Schröder arbeitet mit gezielter Irreführung, wenn sie die Normalität des Nationalismus als Entlastung von historischer Schuld feiert, die zu verwalten ewig gestrigen, das Spaßbad schwarzrotgoldenen Funs verweigernden Linken angelastet wird. Widerstand gegen Nationalismus ist nicht auf deutsche Bürger beschränkt, sondern Bestandteil jeglicher Herrschaftskritik, die den Klassenantagonismus kapitalistischer Gesellschaften nicht ignoriert. Die Diffamierung vermeintlicher Spaß- und Spielverderber als ausschließlich auf die Vernichtungspolitik des NS-Regimes abonnierter Antifaschisten erweist sich als Konterstrategie zur Durchsetzung herrschender Interessen, die auf der einen Seite mit jenem Schlußstrich kokettiert, den nicht zu ziehen die Bundesregierung beschwört, wenn sie wider alle unterstellte Verankerung in Völker- und Menschenrecht den israelischen Siedlerkolonialismus legitimiert, während sie ihn de facto längst gezogen hat, wenn sie die Anerkennung eigener Schuld in den Aktivposten einer historisch gerechtfertigten Kriegführung ummünzt.

Längst geht es nicht mehr um die Leugnung der eigenen Beteiligung an Völkermord und Aggressionskrieg. Was hat die junge Generation schon damit zu tun, daß ihre Großeltern den Antibolschewismus Hitlers im Antikommunismus McCarthys fortsetzten und sich darüber den Dispens verschafften, im Frontstaat BRD hohe Regierungsämter mit bewährten NS-Bürokraten besetzen zu können. "Wir gehen Patriotismus entspannter an - das ist typisch für unsere Generation", schwärmt Schröder über ihresgleichen und schert Rechte, Linke und Islamisten über den totalitarismustheoretischen Kamm, um sie unterschiedslos staatsfeindlicher Umtriebe bezichtigen zu können. Die Doktrin des Antiextremismus kennt keine antagonistischen Ideologien mehr, sondern nur die eine Nation, für deren Wohl die Guten ins Töpfchen und die Bösen ins Kröpfchen zu sortieren sind.

Der bunte Anschein, den das Fahnenmeer erweckt, maskiert die Uniformität der Nationalbegeisterung nicht, sondern unterstreicht den irrationalen, zwischen opportunistischem Herdenverhalten und ungeahnten Ausfällen changierenden Furor in Marsch gesetzter Massen. Was noch nicht die bedrohliche Form unvermittelter körperlicher Gewalt annimmt, droht den am Rande Stehenden damit, daß sie im Ernstfall auf der falschen Seite stehen.
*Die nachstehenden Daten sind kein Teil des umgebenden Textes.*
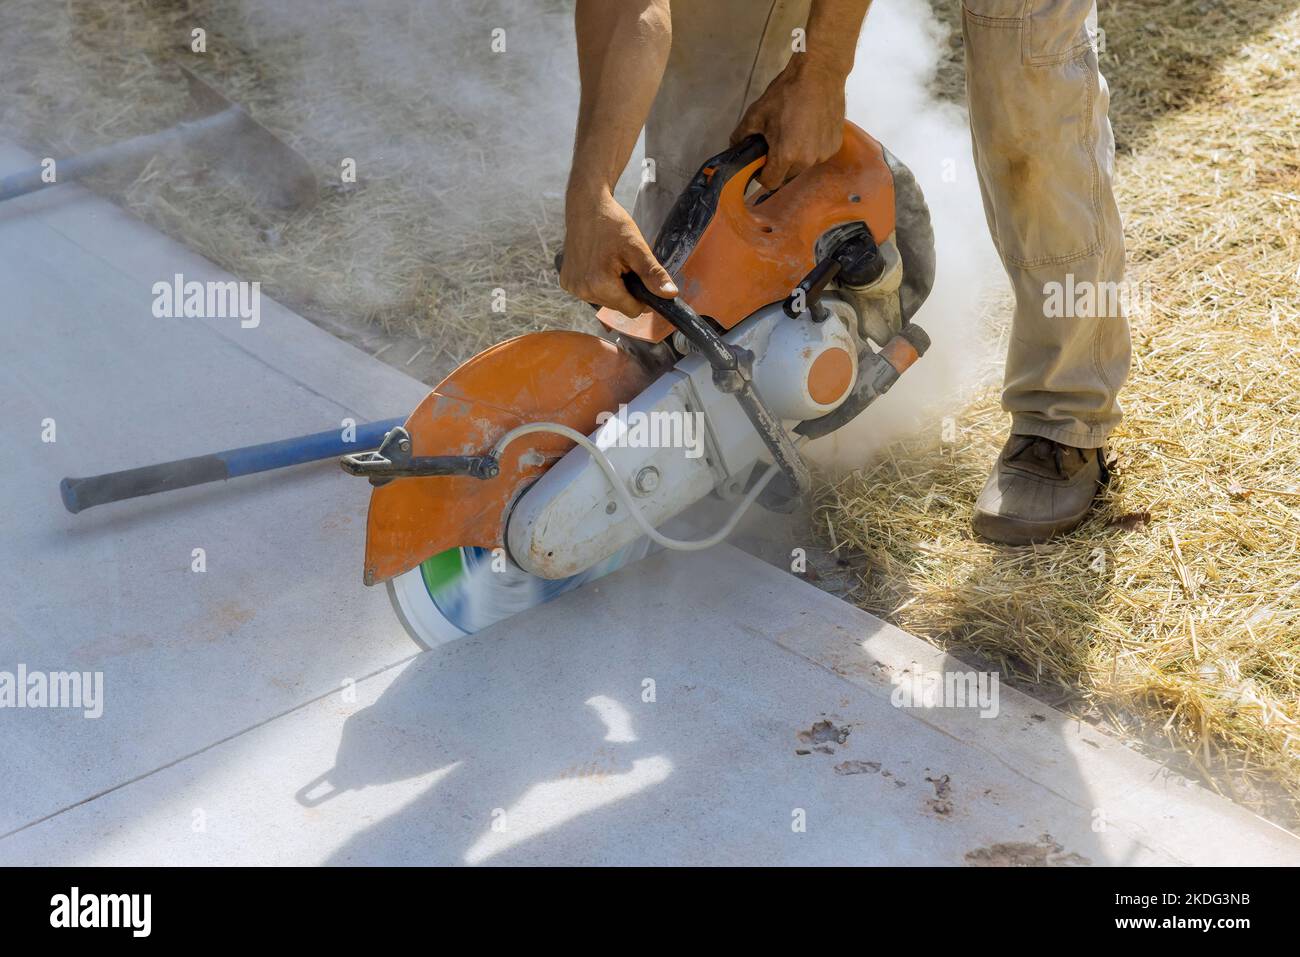 Construction worker cutting concrete sidewalk using diamond blade saw machine Stock Photo

Wer behauptet, die Erregung der Massen sei jemals Ausdruck purer Lebensfreude gewesen, ignoriert die geschichtliche Lektion über Volkserhebung und Mobilmachung. Eine nicht in den Kategorien kulturindustrieller Vermittlung angesiedelte Freude bedarf der Vereinnahmung durch das größere Ganze nicht, ihre Kollektivität schließt jegliche Fremdbestimmung durch Dritte aus.

Der vielgelobte Teamgeist der Nationalmanschaft kann nicht darüber hinwegtäuschen, daß die Motive und Ziele von Sportstars Welten von den Zwängen und Problemen um ihr Überleben kämpfender Menschen entfernt sind. So wird die Berichterstattung über die neuen deutschen Helden von einem Leistungsethos dominiert, dem das Team eine ausschließliche Bedingung seines Erfolgs ist und nicht etwa für die Solidarität mit dem Schwachen oder die Lehren menschlichen Scheiterns fruchtbar gemacht werden soll. Der Kontext des Wettbewerbs kontaminiert alle vermeintlich erstrebenswerten Qualitäten der Sportler mit dem Sozialdarwinismus der neoliberalen Verwertungslogik, dem sie in ihrer massenmedialen Präsenz auch und gerade dann Pate stehen, wenn gelebte Multikulturalität mit dem Siegel erfolgreich erbrachter Leistung gegen die Akzeptanz nichts als ihr nacktes Leben mitbringender Migranten gestellt wird. So führt die am Vorbild erfolgreicher Sportler exemplifizierte Schelte der Regierungspolitik nur ein Publikum in die Irre personalisierter Zuständigkeit für die Misere, das an der Ermächtigungslogik der Exekutivgewalt nicht rühren möchte, weil die dann sichtbar werdenden Probleme durch keine massenmediale Verdummungsstrategie mehr aus der Welt zu schaffen wären.